▶ Input data
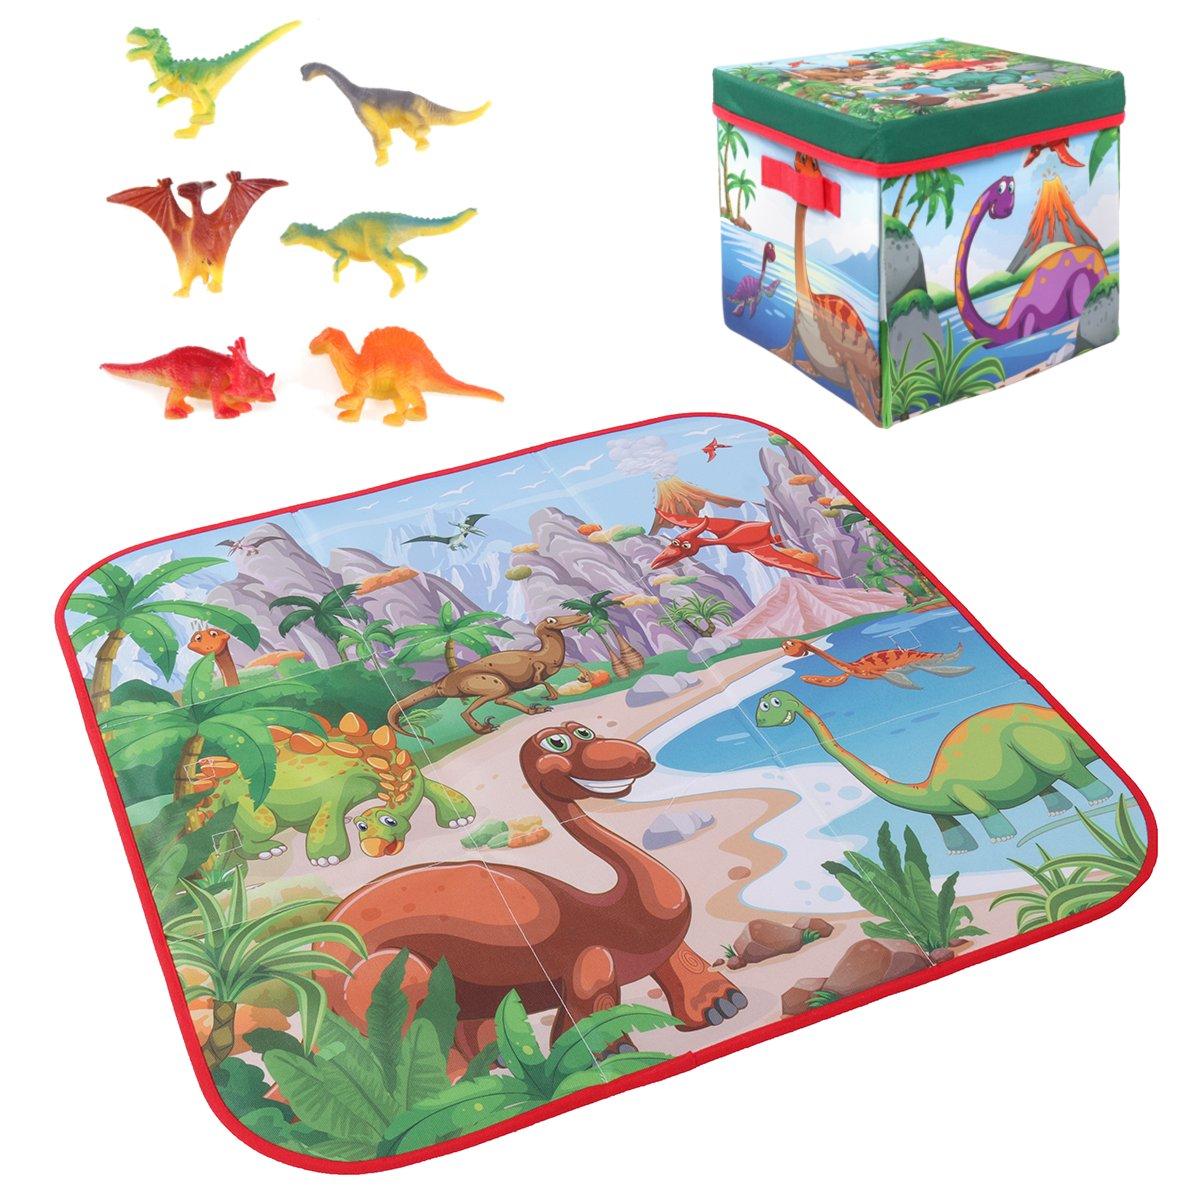 Tappeto da gioco per bambini a tema cartone animato di 72x72 cm + 6 giocattoli di dinosauri, scatola pieghevole quadrata per il campeggio e il picnic, tappeto per il gattonamento del bambino.
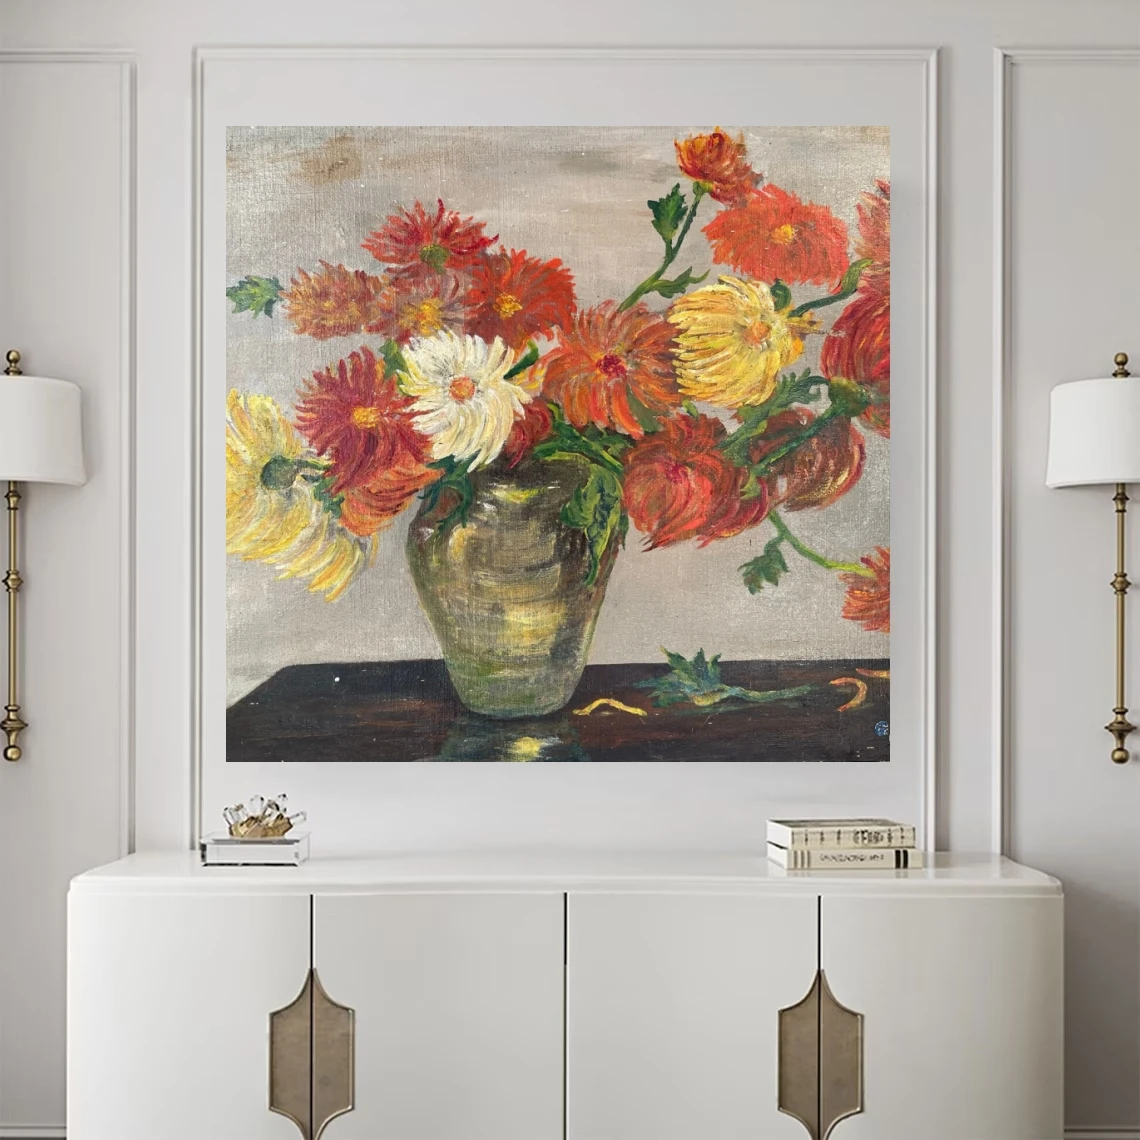 Peinture d'huile frorale vintage sur toile chrysanthémum impressionniste chrysanthemums natures d'huile morte pour cuisine, salle à manger de décoration murale de la salle à manger
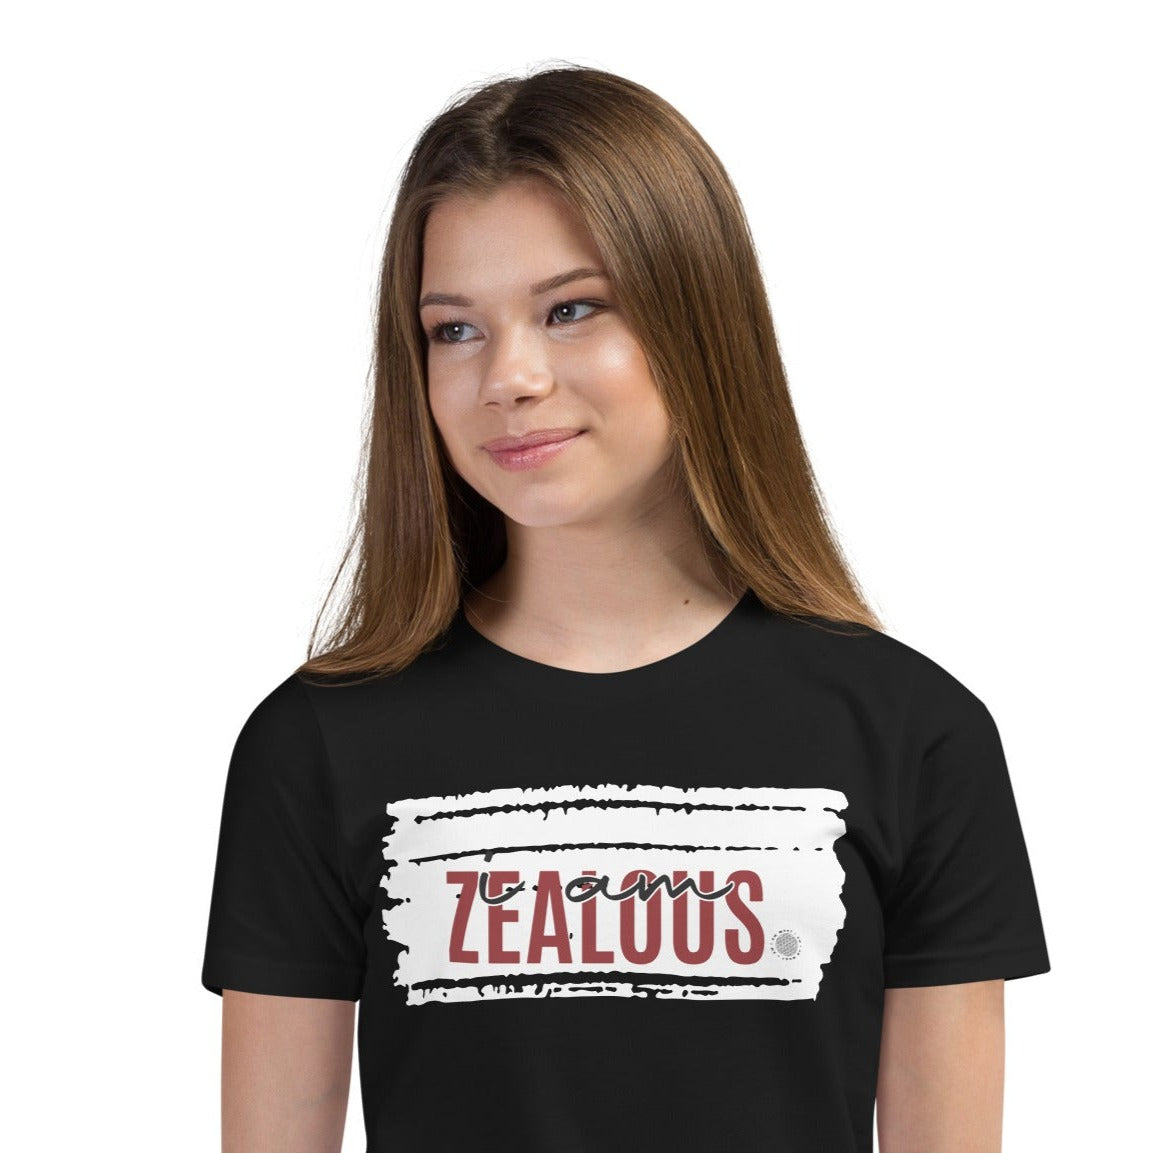 I Am Zealous Youth T-Shirt black
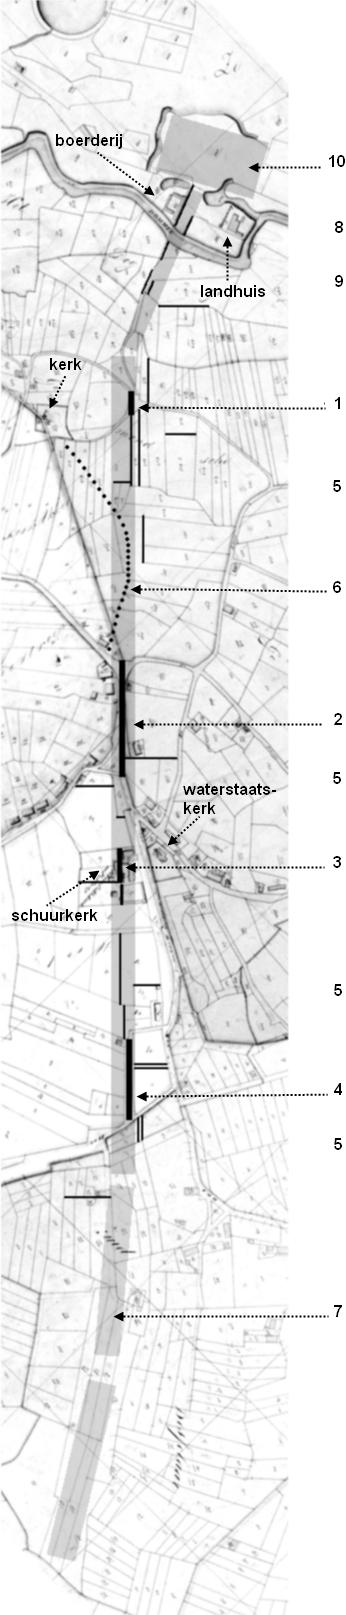 3 Wanneer deze lijn op een kaart met een veel grotere schaal wordt gezet, blijkt dat de flauwe bocht in de richting Olland en Sint-Oedenrode wijst. De andere kant wijst naar de Dommel.

▶ Your goal
Starting with the line that holds "I Am Zealous Youth T-Shirt black", retype each line through the last one in the listing above, exactly as written. Do not copy any pictures.

▶ Solution to the exercise
 I Am Zealous Youth T-Shirt black
 3 Wanneer deze lijn op een kaart met een veel grotere schaal wordt gezet, blijkt dat de flauwe bocht in de richting Olland en Sint-Oedenrode wijst. De andere kant wijst naar de Dommel.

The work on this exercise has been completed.